Тинка без конца рассказывала сестре, о чем она говорила со студентом.
– Ну, а потом он что сказал? – выпытывала Ингер-Юханна.
– Ах, с ним все время было так интересно. Я никогда еще не встречала такого интересного человека.
– Но неужели ты не помнишь, что он сказал?
– Нет, помню. Он спросил, почему ты учишь французский. Сказал, что из тебя, видно, хотят сделать попугая, чтобы ты в городе не ударила лицом в грязь.
– Да? Так он и сказал?.. А откуда он узнал, что я собираюсь в город?
– Он спросил, сколько тебе лет, а я сказала, что ты готовишься к конфирмации, а потом поедешь в Кристианию. Оказывается, он хорошо знает губернатора и его семью. После экзаменов он работал у него в канцелярии чем-то вроде писца.
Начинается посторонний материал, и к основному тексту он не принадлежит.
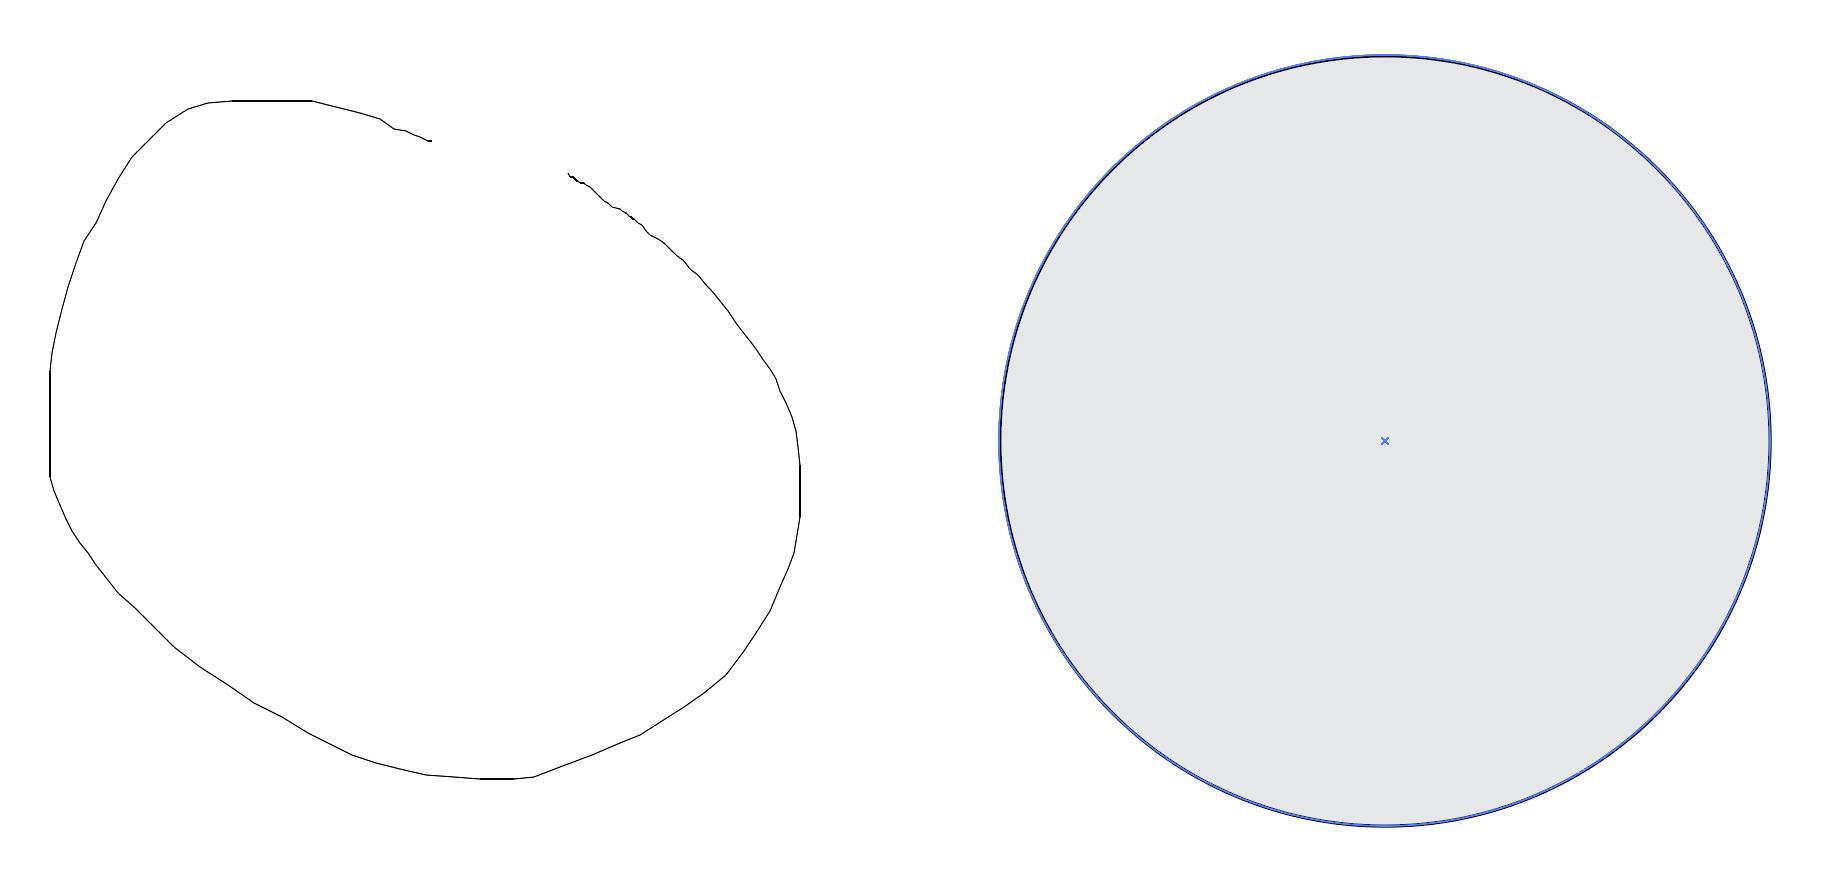 The Shaper tool: New in Illustrator 2015
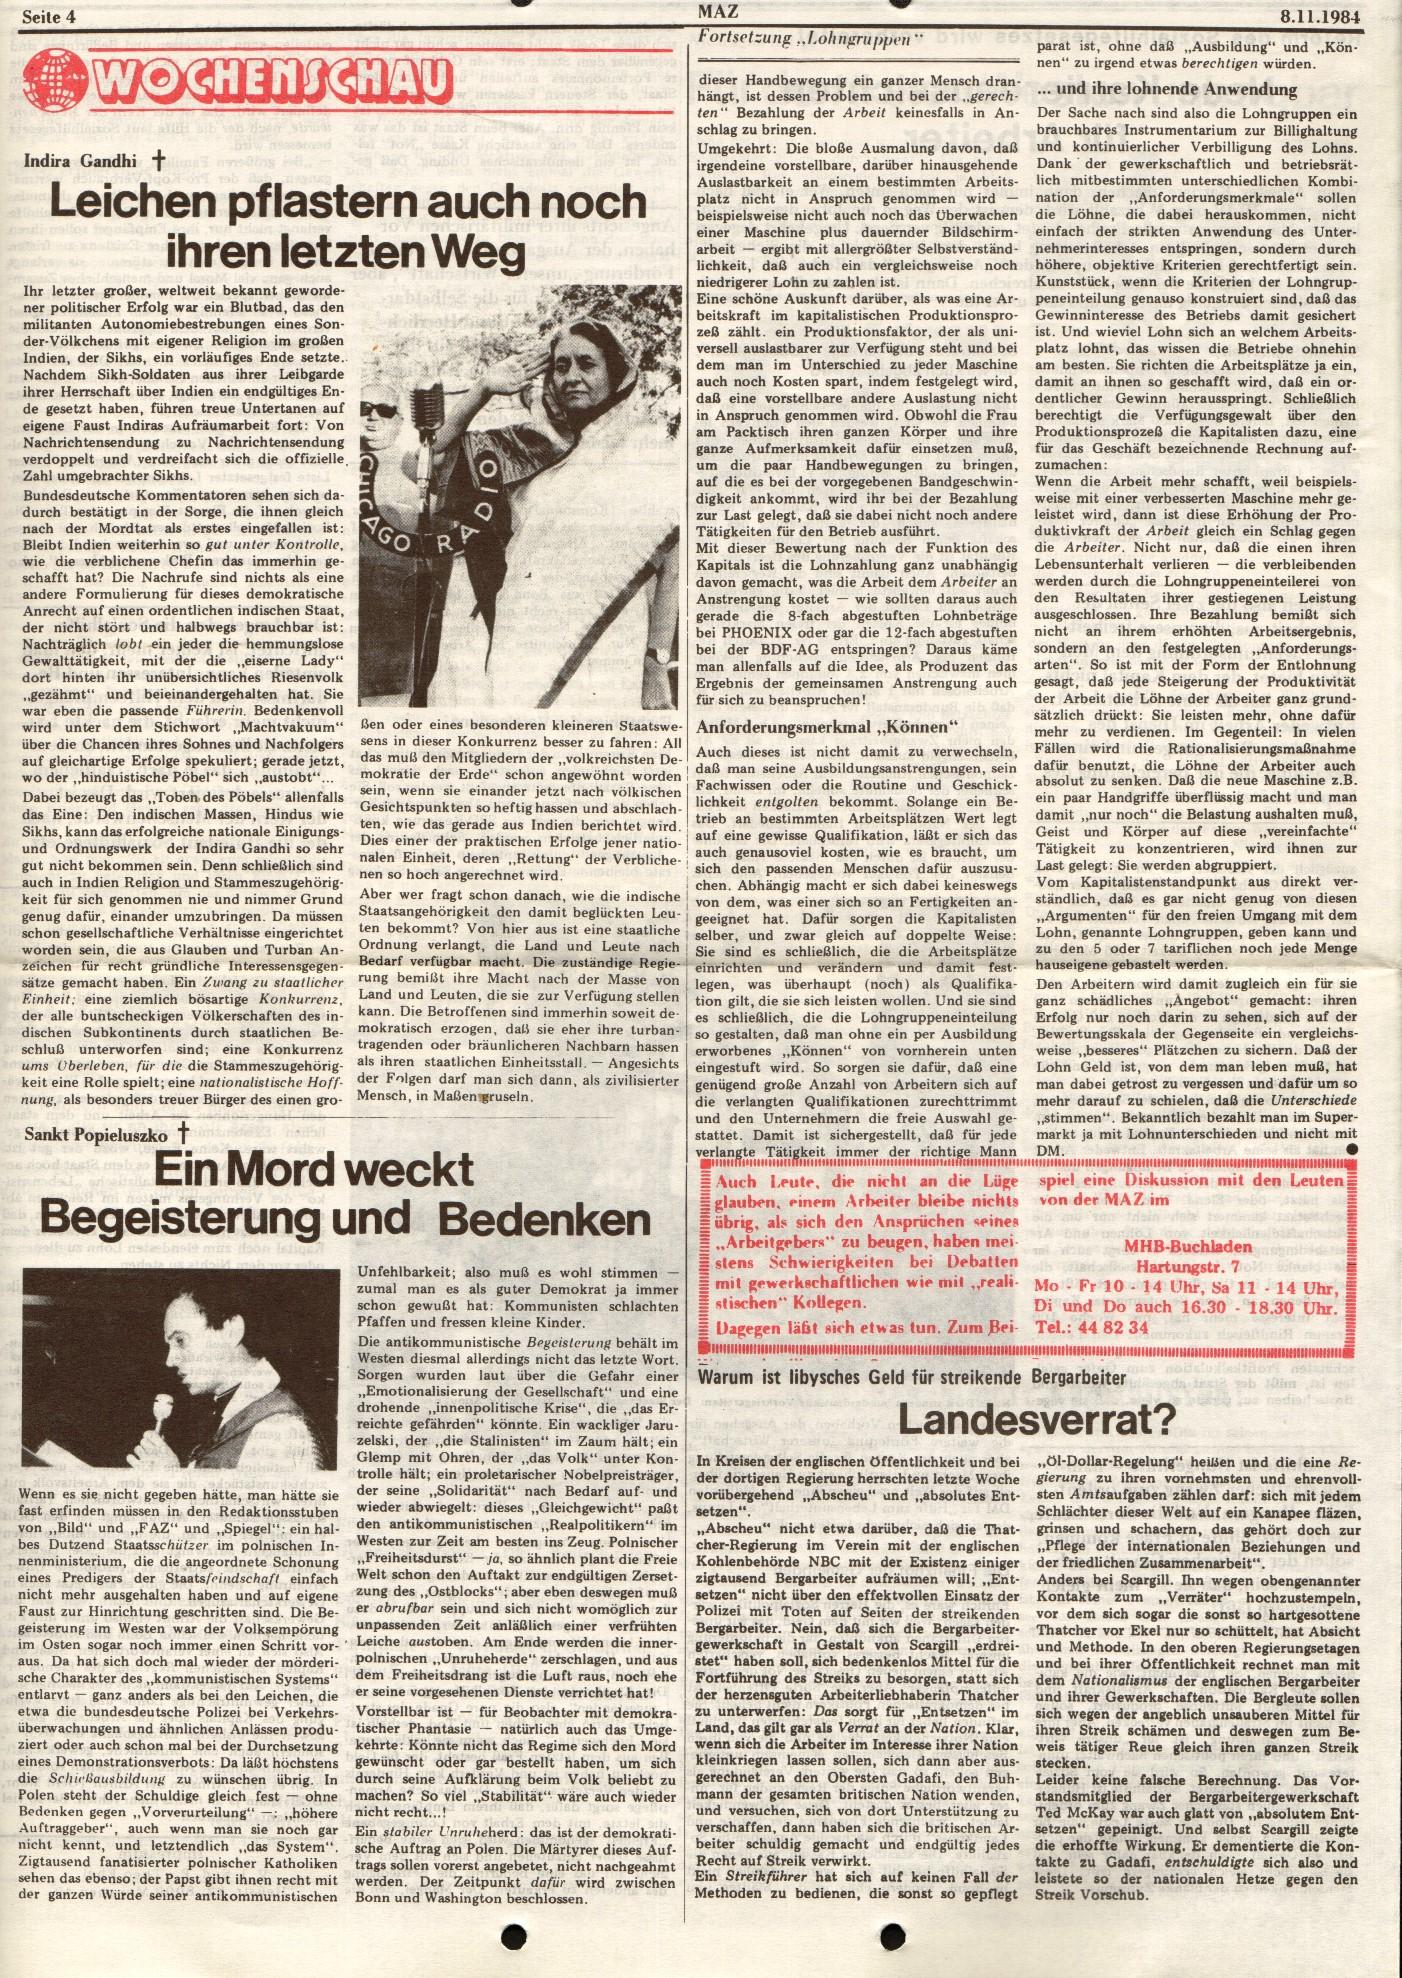 Hamburg_MG_MAZ_Chemie_19841108_04

– И это называется «хорошо знает»?
– Он сказал еще, что ты не подходишь к их дому. Знаешь почему?
– Нет.
– Хочешь, скажу? Ему кажется, что для их дома ты слишком своевольная.
– Что? Он так сказал?
Ингер-Юханна нахмурила брови и так сердито посмотрела на Тинку, что та поспешила добавить:
– Студент сказал, что в доме губернатора все должны ходить вокруг его супруги на задних лапках, и ему жалко, – это его слова, – что так рано наденут хомут на такую красивую шейку.
Ингер-Юханна тряхнула головой и засмеялась:
– Ну и человек!
Тинка уже уехала в Рюфюльке. Ее место за столом и в спальне пустовало. Капитан не раз ловил себя на том, что, забывшись, зовет Тинку.
И вот настал канун того дня, когда и Ингер-Юханна должна была покинуть отчий дом.
Чемодан из тюленьей кожи заново оковали железными полосами, и он стоял теперь открытый; оставалось только сложить в него вещи. Экипаж в сарае жирно смазали, с его осей капал деготь, а долговязый Ула задал Вороному овса. Шутка ли, ему предстоял трехдневный путь!
Капитан деловито расхаживал по дому – никто не умел лучше его упаковывать вещи.
Мать осторожно протягивала ему одно за другим новые, дорогие платья дочери. Белье, шитое в Гилье, не посрамит их в глазах супруги губернатора.
Беда только, что стоило капитану наклониться, как кровь приливала ему к голове.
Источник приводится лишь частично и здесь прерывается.